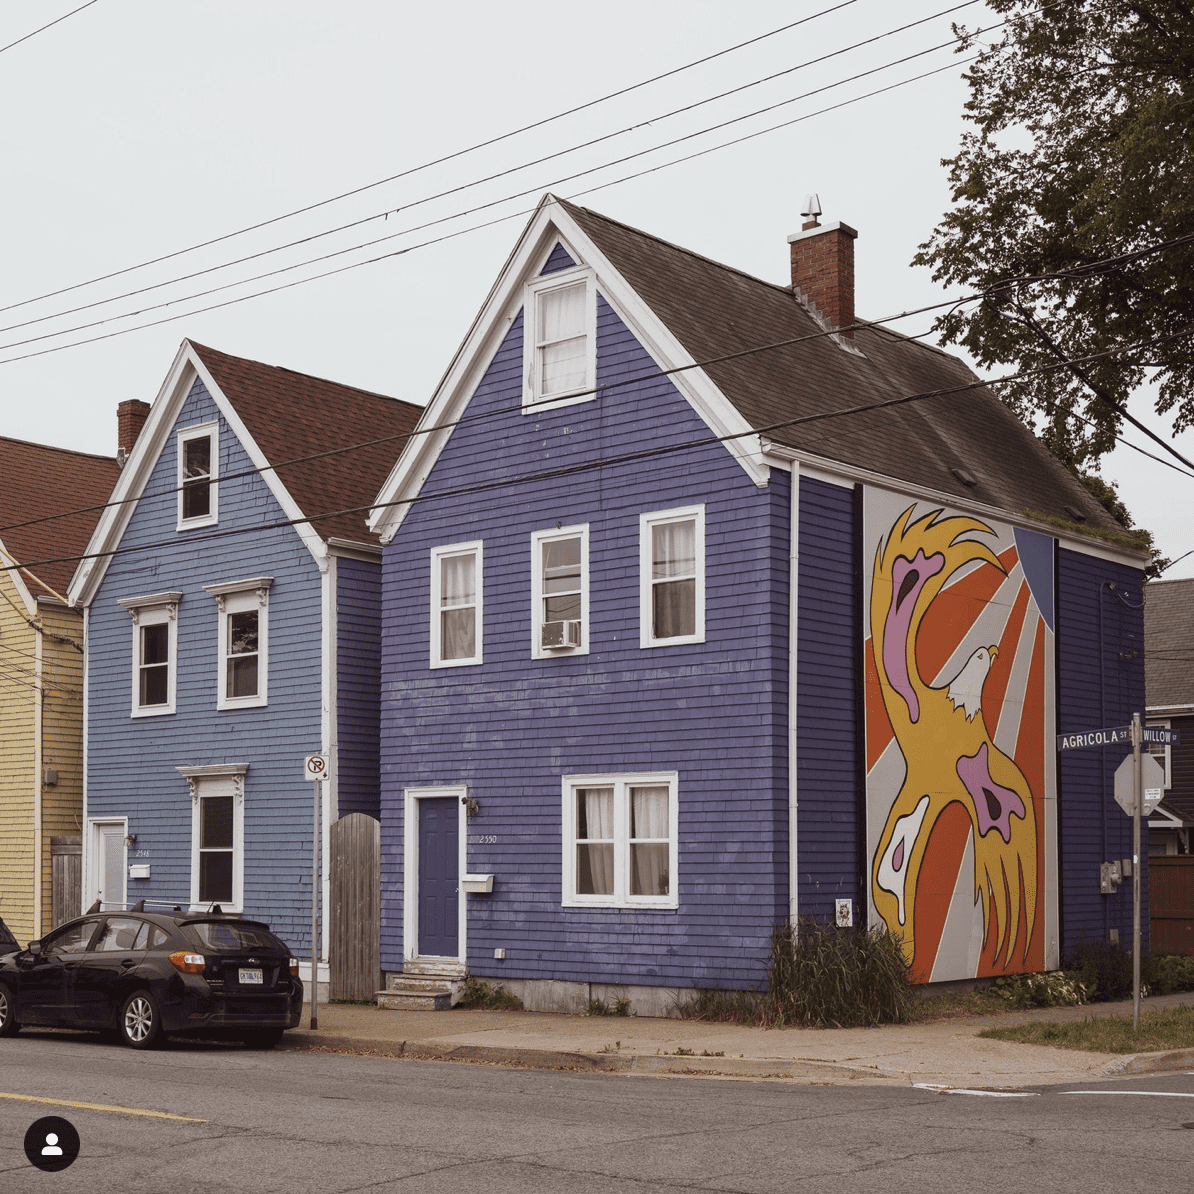 Bunte Häuser in der Agricola Street, einem der Instagram Spots in Halifax
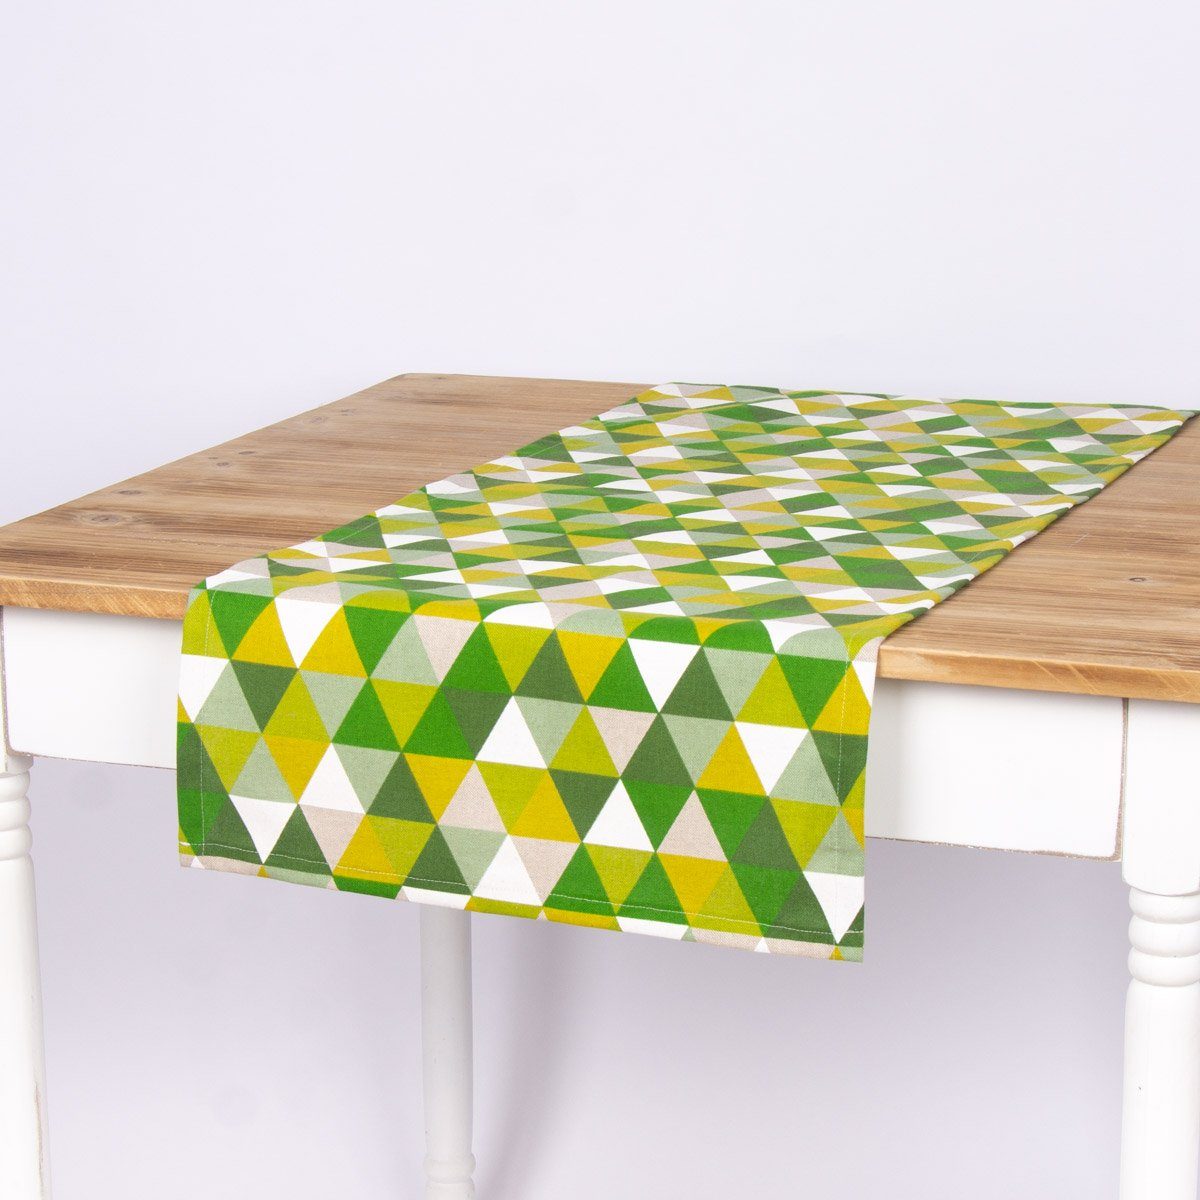 SCHÖNER LEBEN. Tischläufer SCHÖNER LEBEN. Tischläufer Dreiecke grün Töne 40x160cm, handmade | Tischläufer
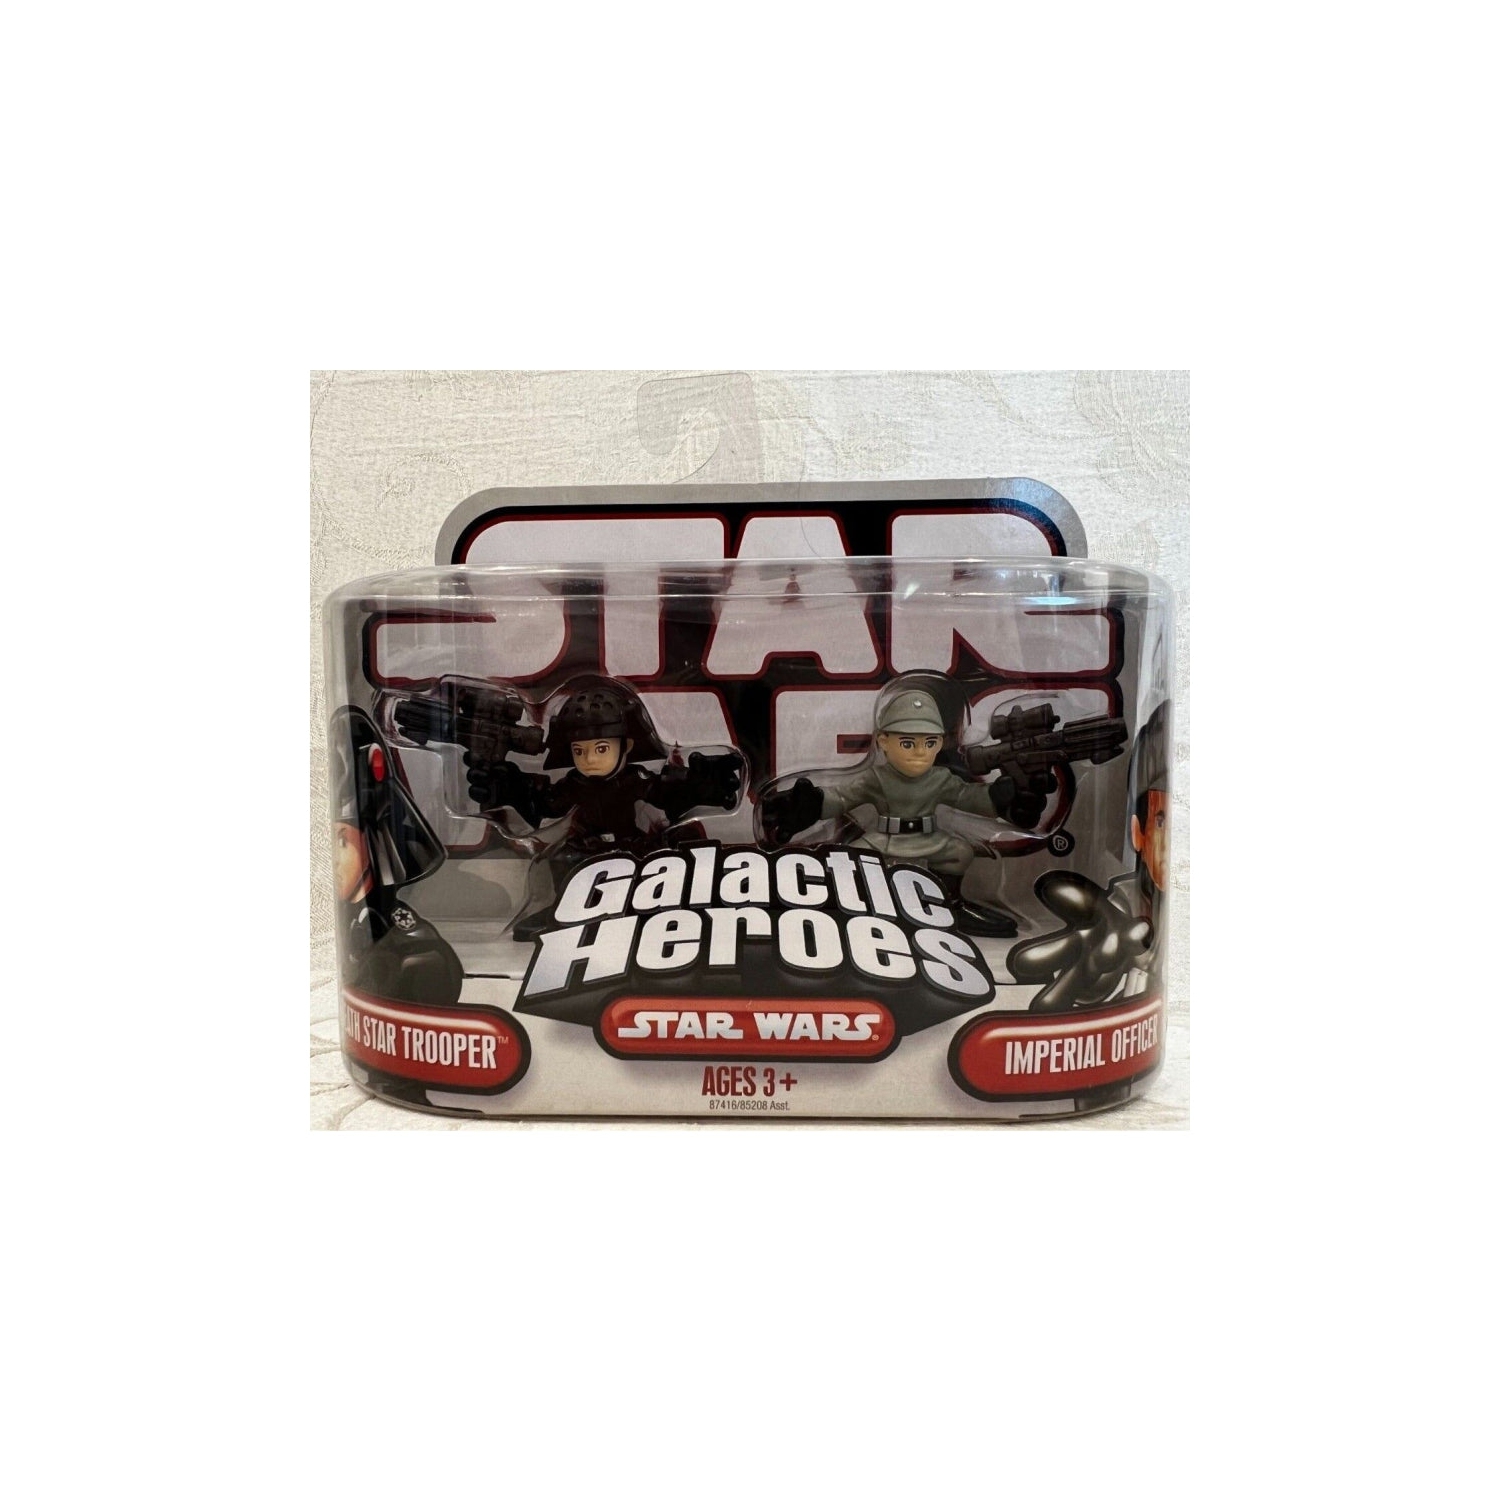 Star Wars Galactic Heroes Death Star Trooper & Imperial Officer Figure Set
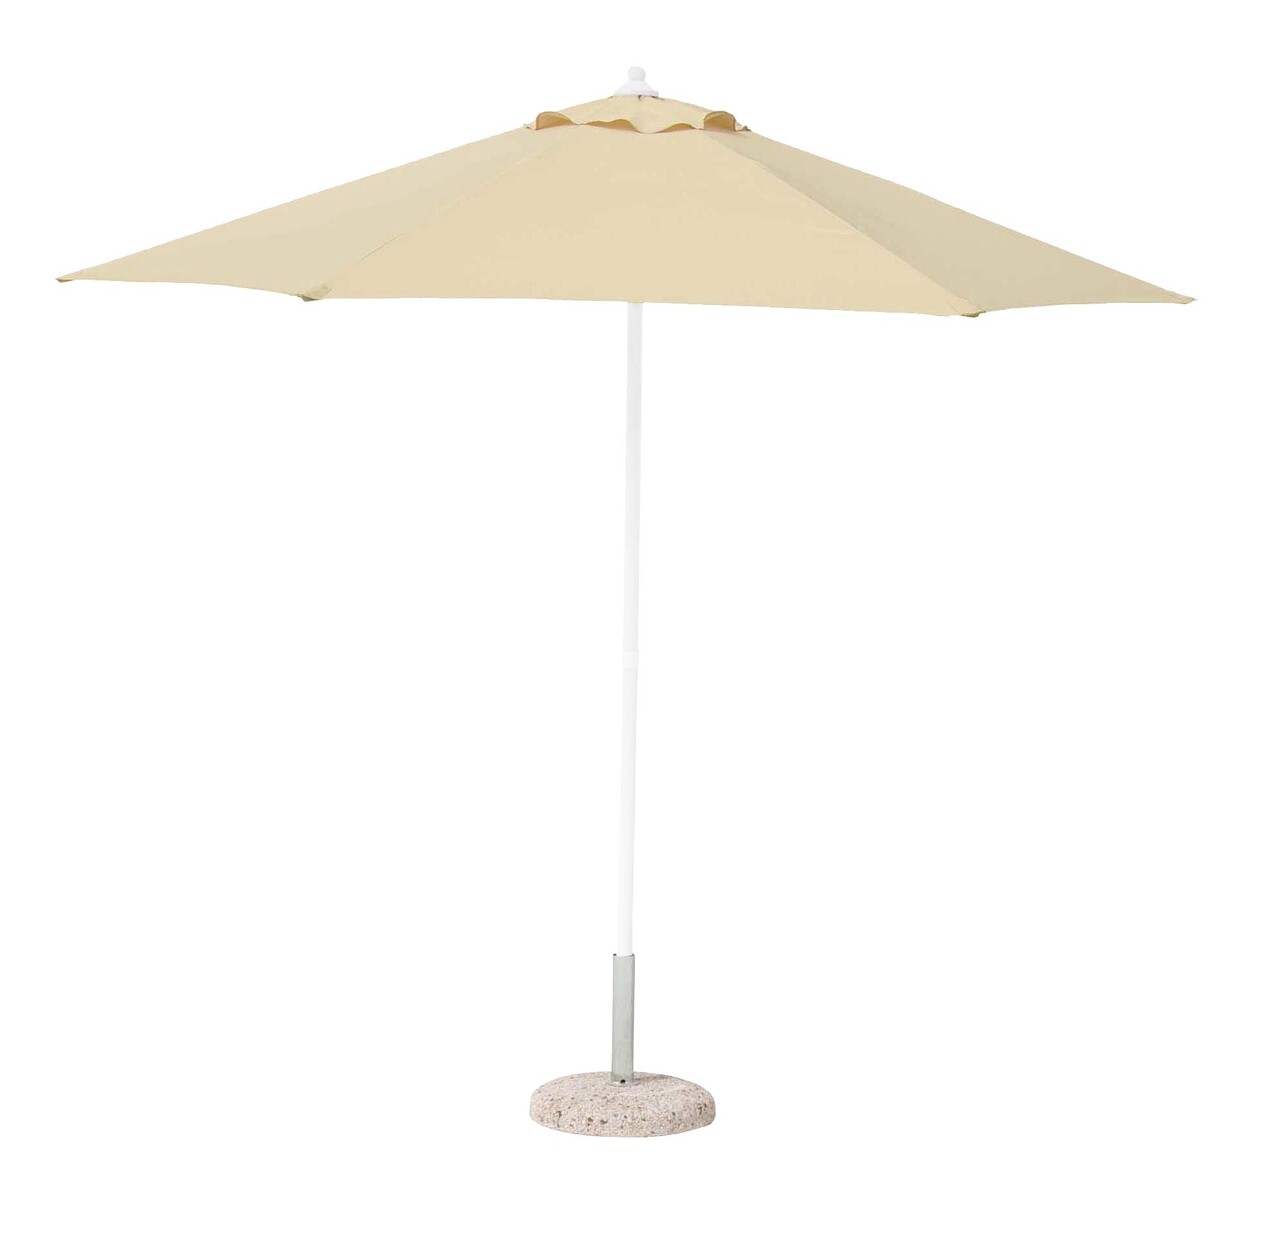 Delfi Kerti/terasz napernyő, Bizzotto, Ø270 cm, oszlop Ø38 mm, acél/poliészter, bézs

● Problem requirements: An exact copy of the listing is needed, minus its pictures.

● Solved exercise:
 Bunte Häuser in der Agricola Street, einem der Instagram Spots in Halifax
 SCHÖNER LEBEN. Tischläufer SCHÖNER LEBEN. Tischläufer Dreiecke grün Töne 40x160cm, handmade | Tischläufer
 Star Wars Galactic Heroes Death Star Trooper & Imperial Officer Figure Set
 Delfi Kerti/terasz napernyő, Bizzotto, Ø270 cm, oszlop Ø38 mm, acél/poliészter, bézs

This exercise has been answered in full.